Qualifying Statement: As of the time of this publication, ovarian tissue cryopreservation remains experimental. However, emerging data may prompt reconsideration of this designation in the future. (This technique is already considered non-experimental in some countries and its experimental status is undergoing evaluation in the U.S.)
Role of Health Care Providers
- All oncologic health care providers should be prepared to discuss infertility as a potential risk of therapy. This discussion should take place as soon as possible once a cancer diagnosis is made and can occur simultaneously with staging and the formulation of a treatment plan. There are benefits for patients in discussing fertility information with providers at every step of the cancer journey.
- Encourage patients to participate in registries and clinical studies, as available, to define further the safety and efficacy of these interventions and strategies.

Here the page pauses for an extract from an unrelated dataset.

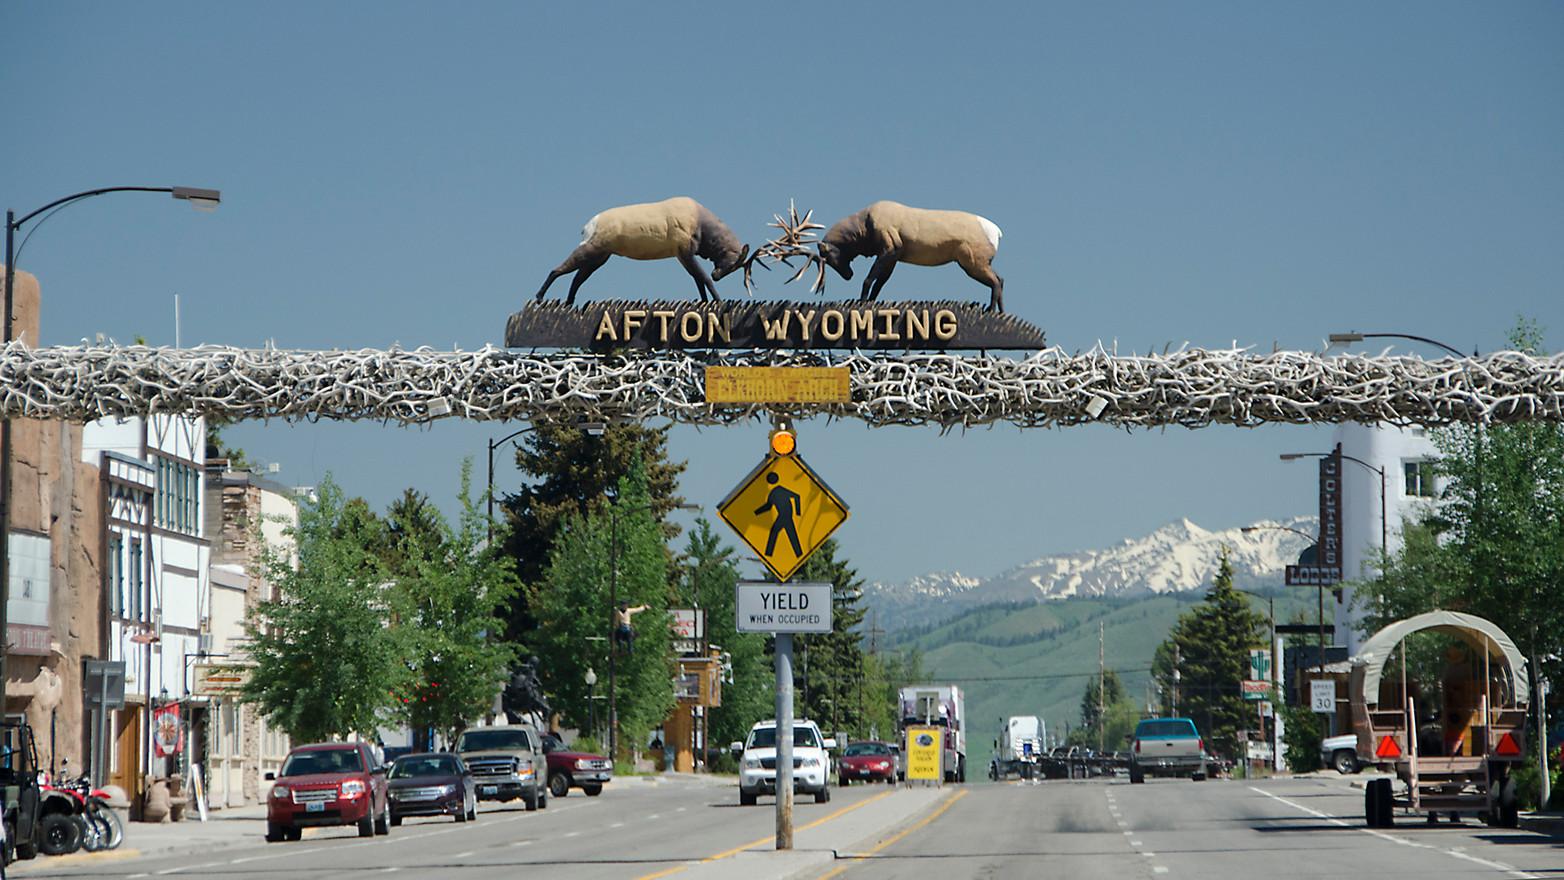 Afton in Wyoming

- Refer patients who express an interest in fertility, as well as those who are ambivalent or uncertain, to reproductive specialists as soon as possible.
- Refer patients to psychosocial providers when they are distressed about potential infertility.
Special Considerations: Children
- Suggest established methods of fertility preservation (e.g., semen or oocyte cryopreservation) for postpubertal children, with patient assent and parent or guardian consent. For prepubertal children, the only fertility preservation options are ovarian and testicular cryopreservation, which are investigational.